There are some interesting parts to the book:  Chinese proverbs splattered about, and 1980's mentions of music and décor.  But these can't keep an otherwise drowning book afloat.

Here's a typical excerpt.  You be the judge:

"OH MY GOD, LOOK WHO'S HERE!"  Penny screamed.  She rushed to Allie as if they were sorority sisters meeting up at a mixer.

Allie untangled her mother's arms from around her neck.  Penny grabbed at the bread bag and tried to tug it out of her daughter's hand.

Allie immediately regretted her decision to stay at the Biltmore.  "Leave it alone," she snapped, and she pulled back so quickly that Penny stumbled.

"It's my China Blackie bird!" Billy Idol got up from his stool, came over to Allie, and led her away from Penny.

"That's my SISTER!"  Penny caught up the them, then flopped her belly onto a barstool, bottom out.  She wobbled around the stool like a nine-year-old.  Allie was only slightly embarrassed.  These were rock stars, they were used to idiotic behavior.
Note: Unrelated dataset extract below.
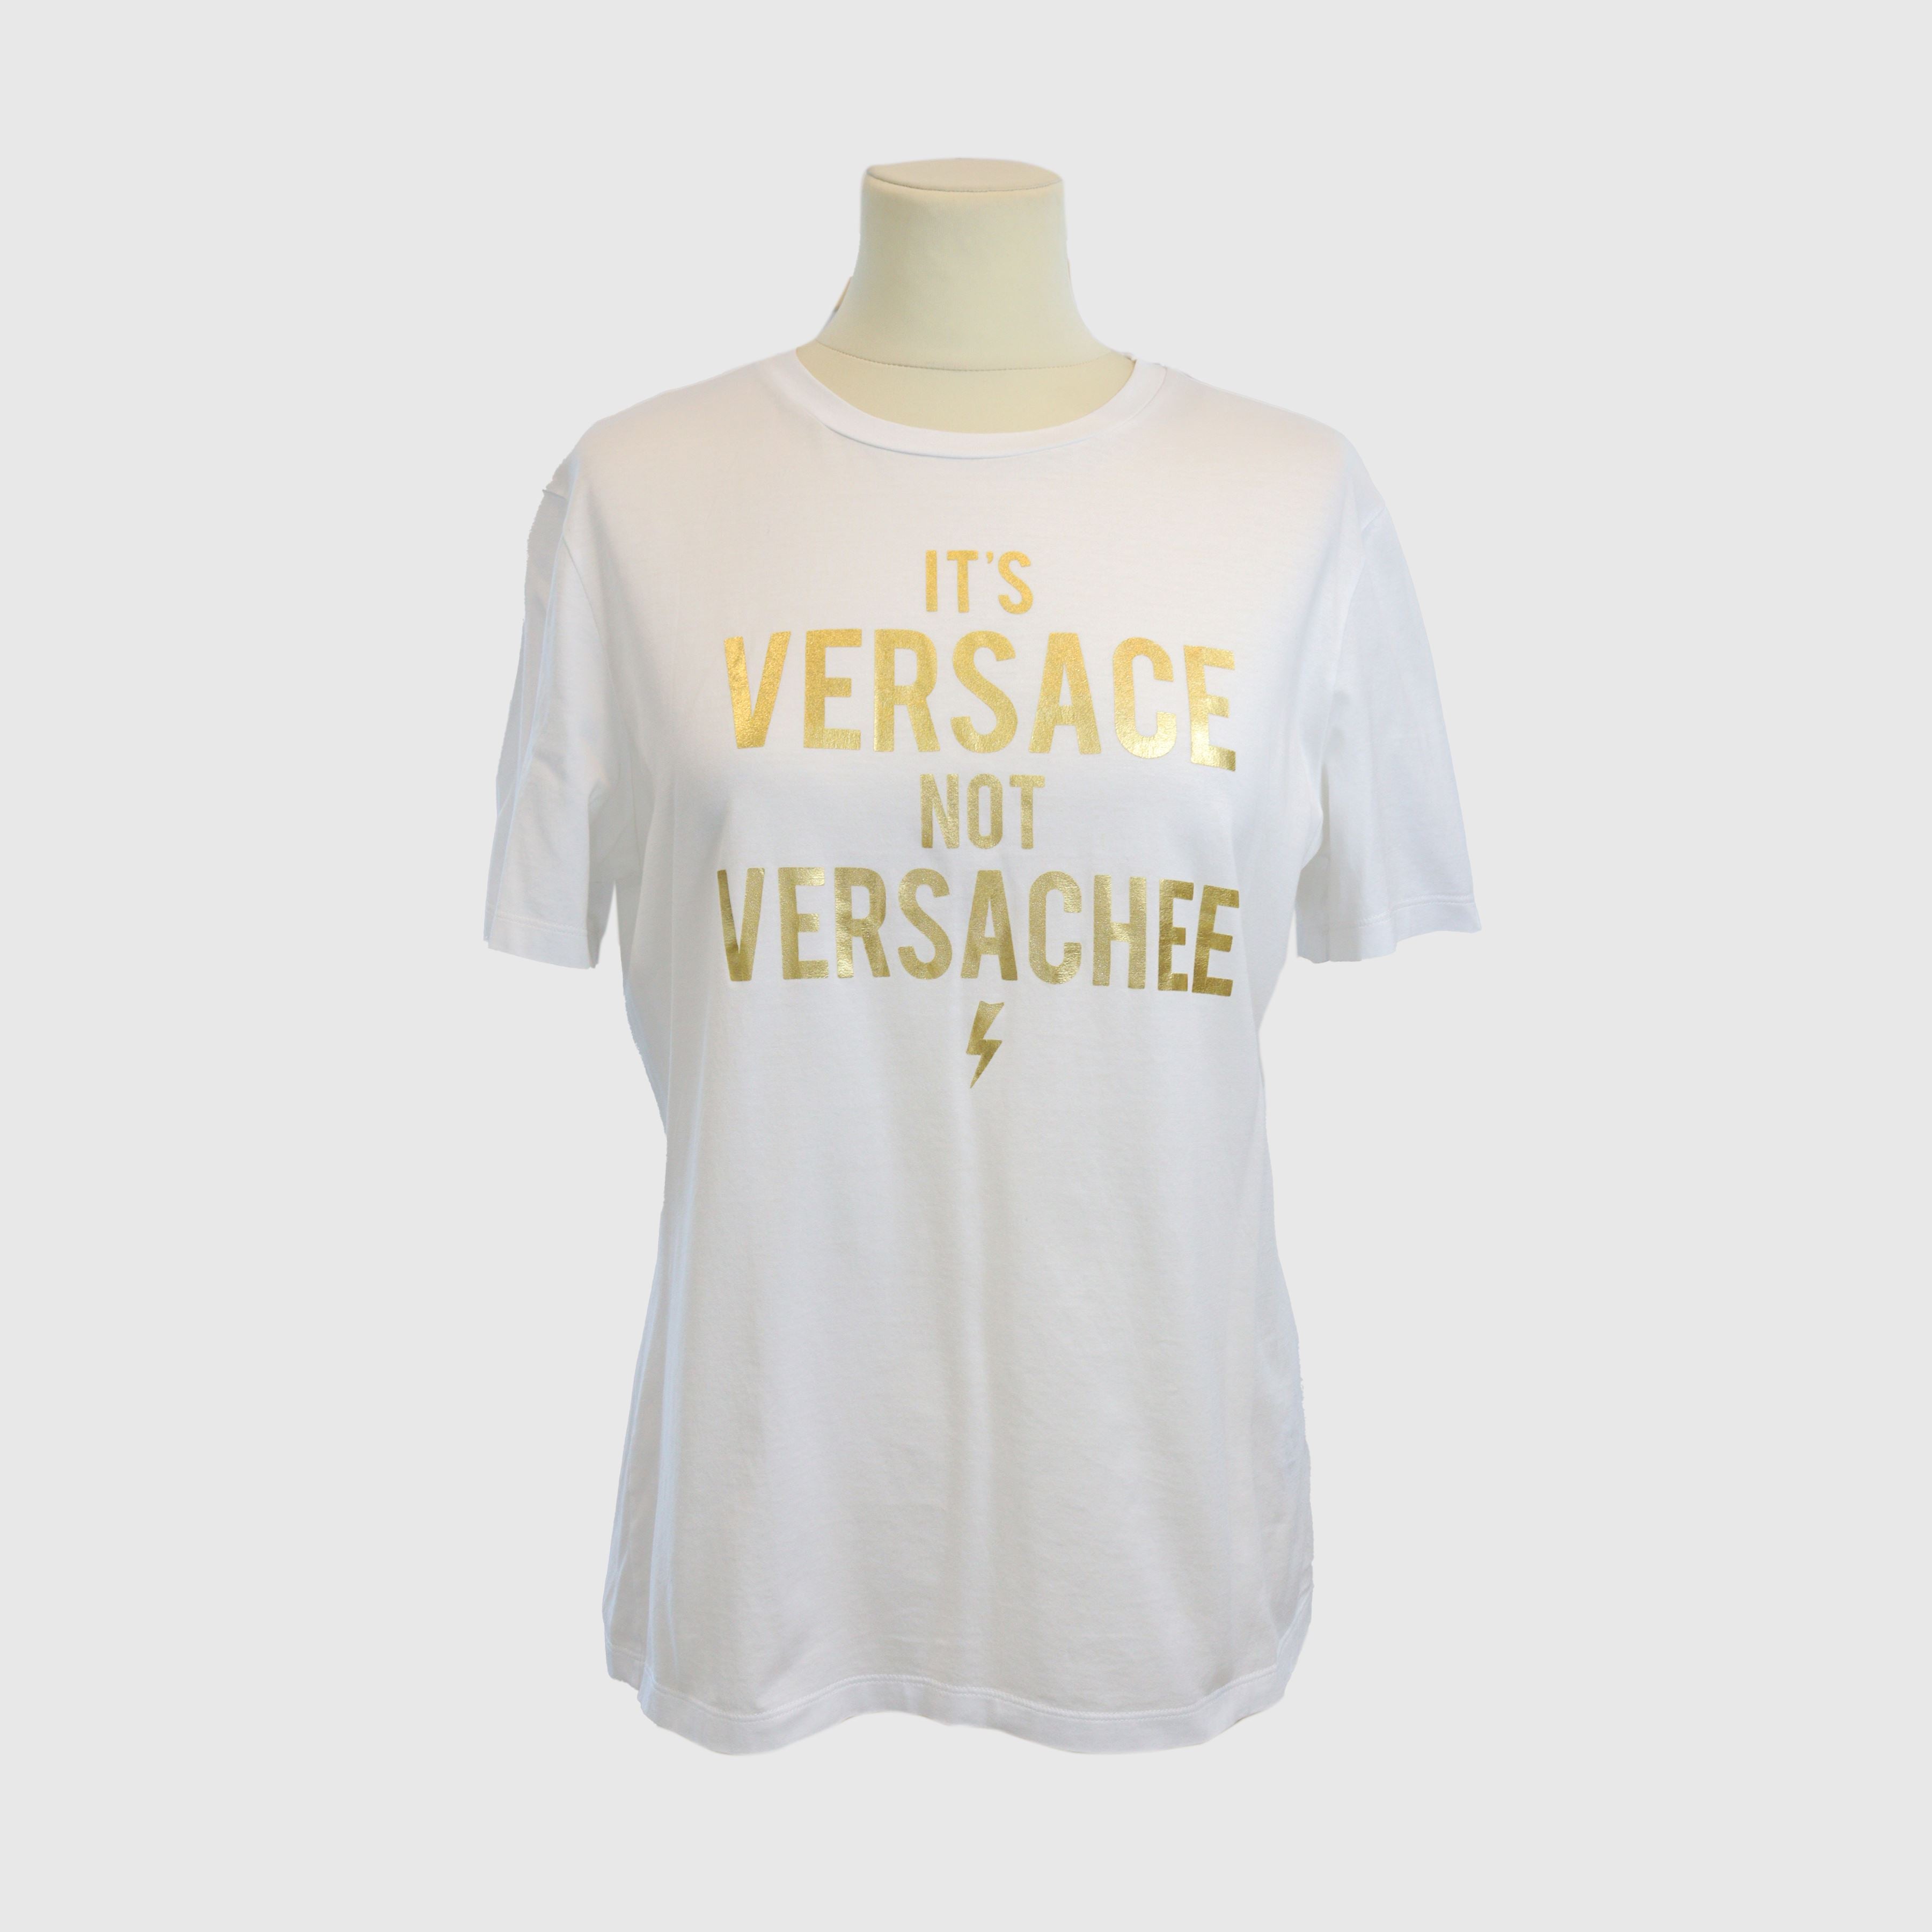 White/Gold "Its Versace not Versachee" Tshirt Clothing Versace

"It's your daughter, you bleedin' sot!"  Billy Idol said, and everyone, including Allie, laughed.

"Hey," Allie said, and she sort of leaned into Billy's chest the way a cat might if it wanted to be scratched.

"How you doing, China?"  Billy pulled up a stool and patted it so Allie would sit.
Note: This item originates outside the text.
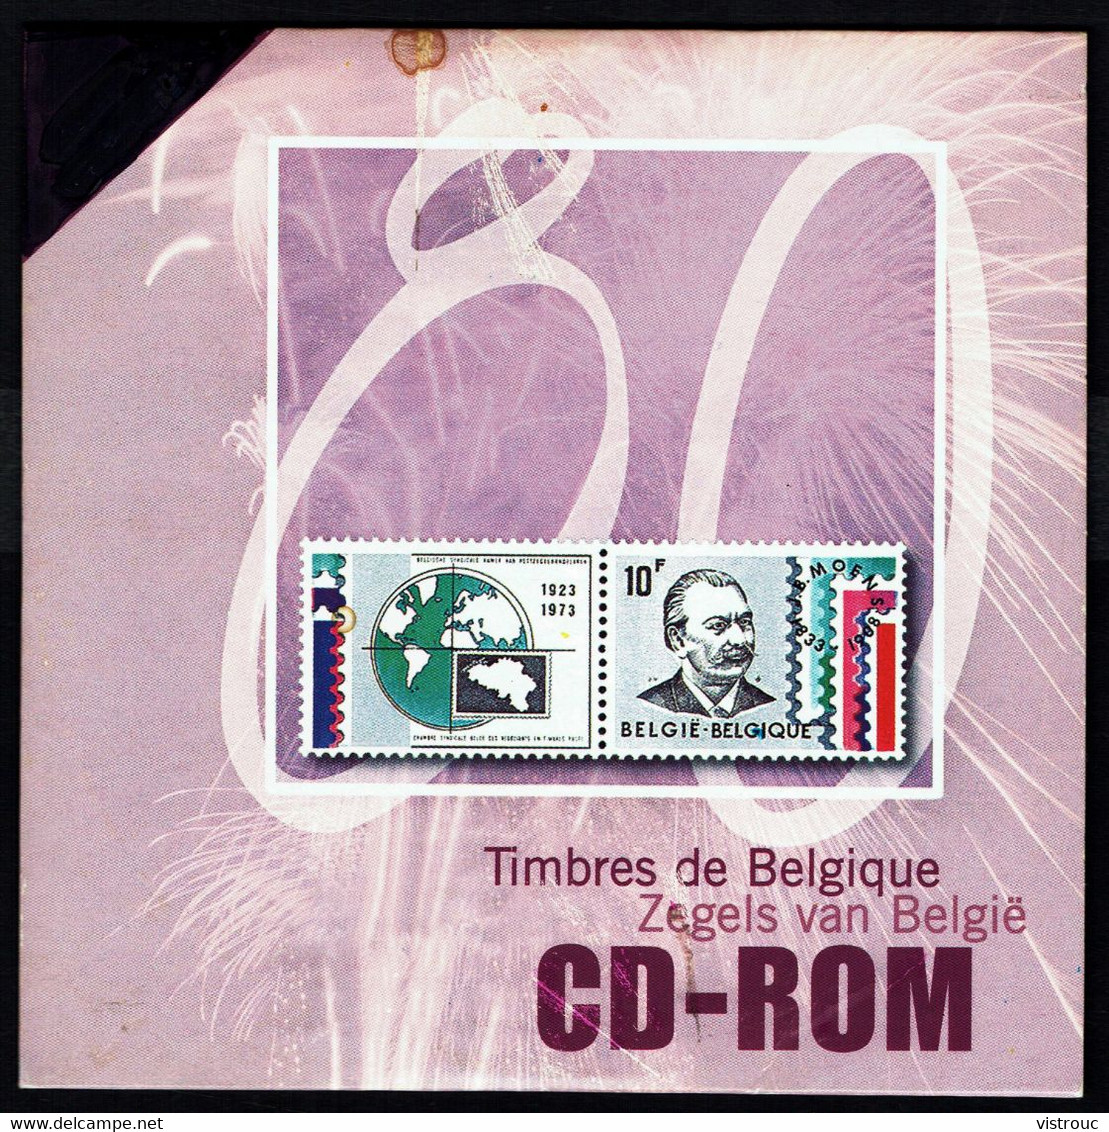 CD ROM "TIMBRES DE BELGIQUE". - Français

"She's got coke!"  Penny yelled.  She popped off the stool and stumbled into Billy Idol and Allie, throwing one arm across each of their shoulders.

"Mom, you need coffee or something,"  Allie said.
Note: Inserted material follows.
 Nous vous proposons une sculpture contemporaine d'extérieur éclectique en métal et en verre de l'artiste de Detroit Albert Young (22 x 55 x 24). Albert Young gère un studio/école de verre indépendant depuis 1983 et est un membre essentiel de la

"I need more of that COKE!"

"Shhh!"  Allie said.  "It's too much for you, Mom."

Billie Idol leaned in close to Penny and quietly said, "Last I heard it's illegal in America, so you best keep quiet about it.  Now why don't you be a good bird and go sit on my mate's lap and let him order you a café or something?"

Allie wondered if she'd ever stop swooning over his accent, which made her feel like a melting popsicle:  sticky, watery, going down.

Penny snatched at the bread bag with two hands.  Billy Idol detached Penny's hands, then threw her over his shoulder like a bag of grain.  "Nigel, you got this one, mate?"

"Hear, hear,"  Nigel said, and he patted his skinny, snake-skin-bound thighs.


So, that's just your typical section of the book, friends....


While I've seen that other bloggers recommend this book for summer reading, I simply can't.  I did skim to the end.

Deborah/TheBookishDame






1 comments:

bermudaonion

I had high hopes for this book so I'm bummed to see you didn't enjoy it.